Somos una sociedad en la que es difícil decir no sólo lo que somos, sino lo que hemos sido. ¿Hemos sido el silencio cobarde de los largos años de franquismo o el coraje de las minorías que resistieron? ¿Somos la esperanza independentista ahora mortecina o somos una sociedad resignada a reconciliarse con el represor de nuestros derechos? ¿Somos la sociedad emprendedora empeñada en crear riqueza y trabajo pese a las adversidades o somos el carpe decimos ¿de las masas sedientas de fiesta perpetua?
El uso de conceptos viejos para designar realidades nuevas explica de dónde vienen muchos malentendidos, y crea confusiones cuando se emplean para construir el futuro. La extrema derecha xenófoba, además de odio, con sus palabras relata y vende un pasado quimérico, afortunadamente, imposible de reconstruir. Pero también, y más allá de la grosera manipulación política que hizo la izquierda de aquí y la de allí tildándola de racista, cuando la diputada de Junts Míriam Nogueras, en la razonada reclamación de competencias de inmigración, mencionó la necesaria "supervivencia de nuestra identidad", el término supervivencia remitía, confusa e innecesaria, al pasado. Y, mucho peor –aunque curiosamente sin provocar ninguna alergia política–, Feijóo se ha atrevido a apelar a la hispanidad por decir que favorecería una inmigración por proximidad identitaria, supongo que por razón de una lengua y no de un pasado colonizador, lo que confirma la voluntad de sustitución lingüística allí donde tenemos otra propia. Una idea remate por Ayuso cuando ha dicho que la inmigración hispana no es inmigración. Y, por cierto, ¿no es racismo identitario eurocéntrico, la retórica cosmopolita de la izquierda extrema de Podemos, insensible a todos los genocidios menos a uno?

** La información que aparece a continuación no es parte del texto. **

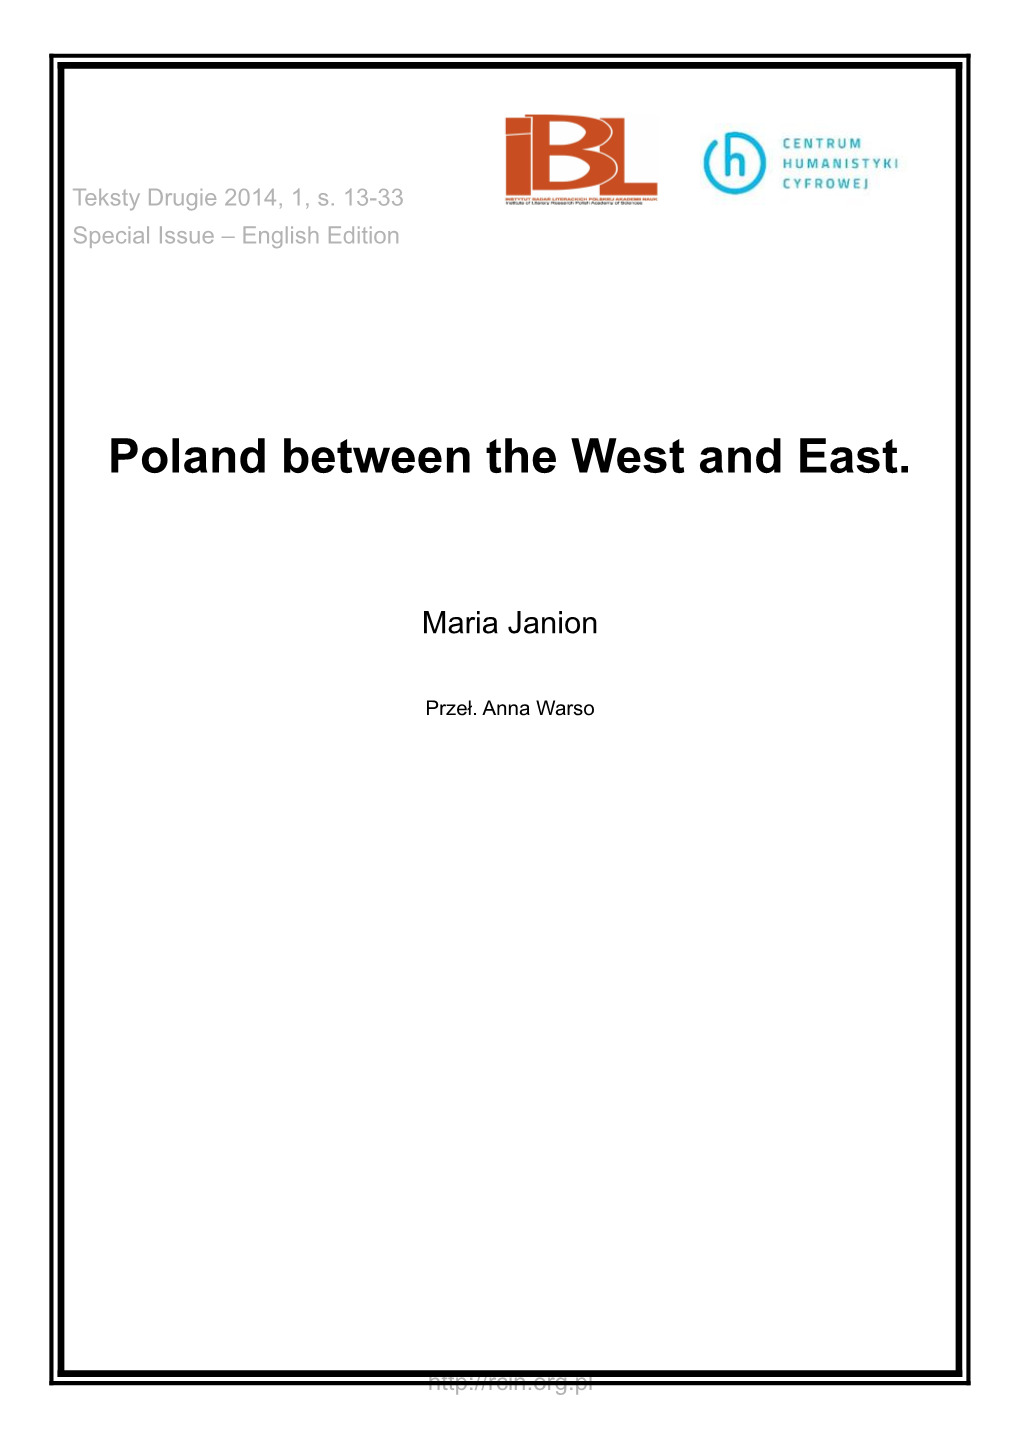 Poland Between the West and East
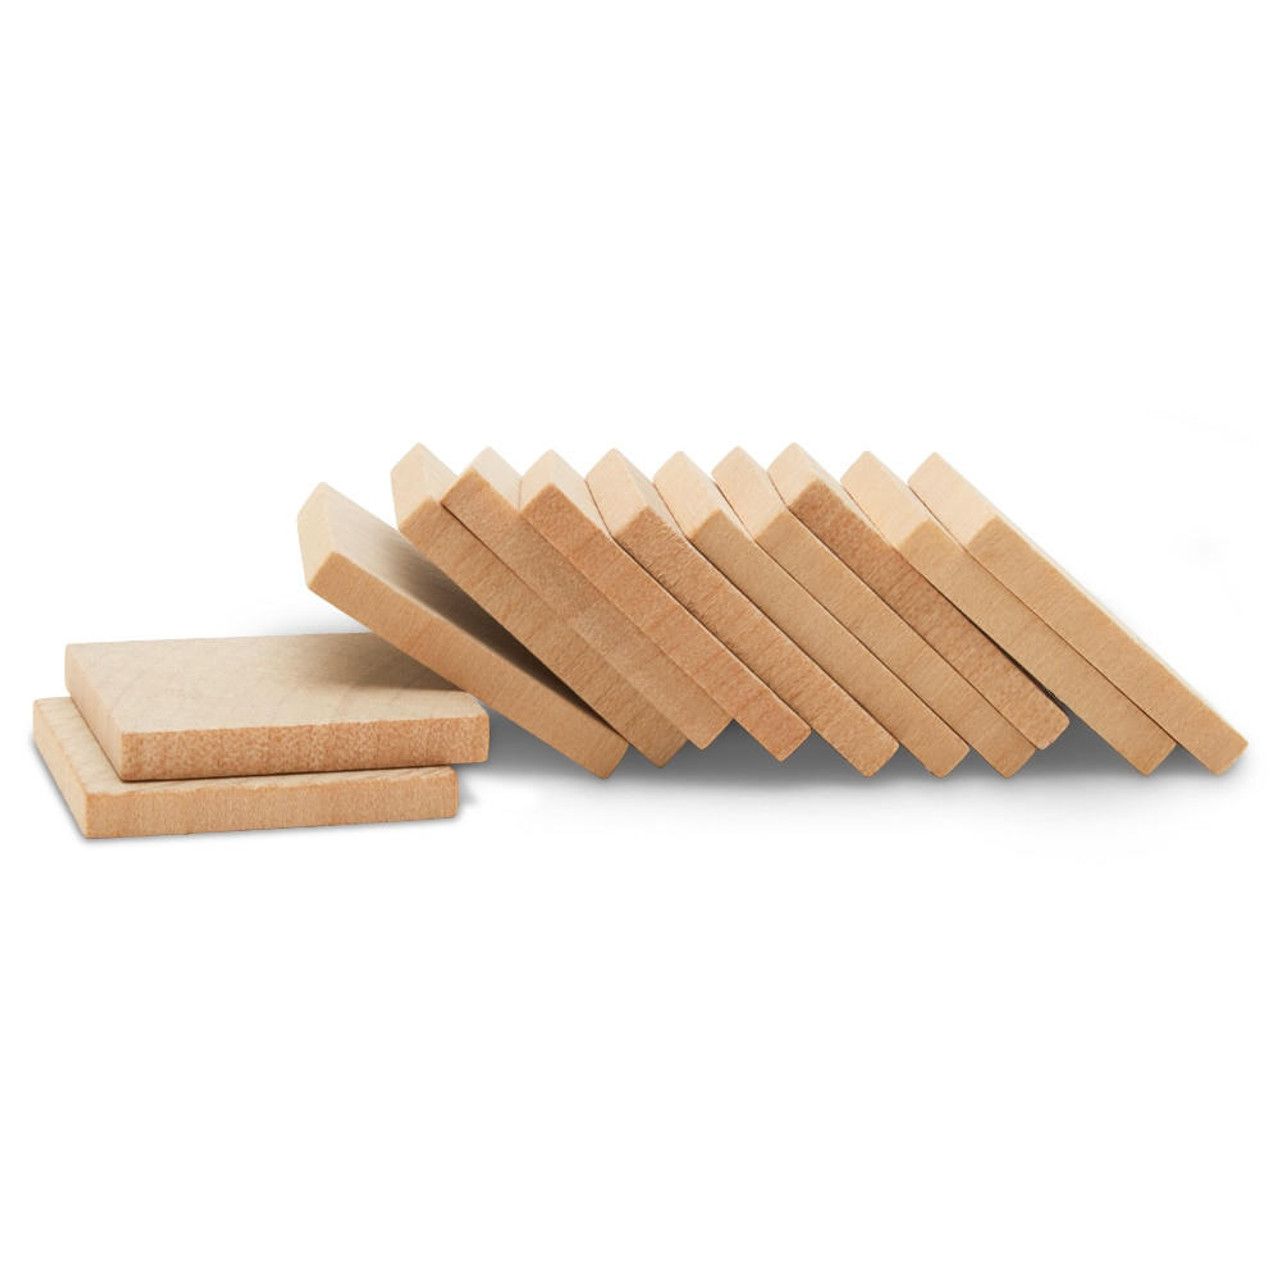 Wood Tiles, 2 x 2 Inch, Pack of 50 Blank Wood Squares for Crafts

No es en pocas rayas y apresuradamente que se puede dar respuesta a los desafíos que aquí señalo. Pero de unas viejas identidades con pretensiones esencialistas y ancladas en un pasado poco o muy mistificado debemos ir pensando en unas identidades orientadas al futuro, construidas sobre esperanzas comunes y solidarias, donde nos puedan encontrar personas de orígenes e itinerarios diversos para ser capaces de establecer los vínculos necesarios para hacer prosperar la individua y la nariz.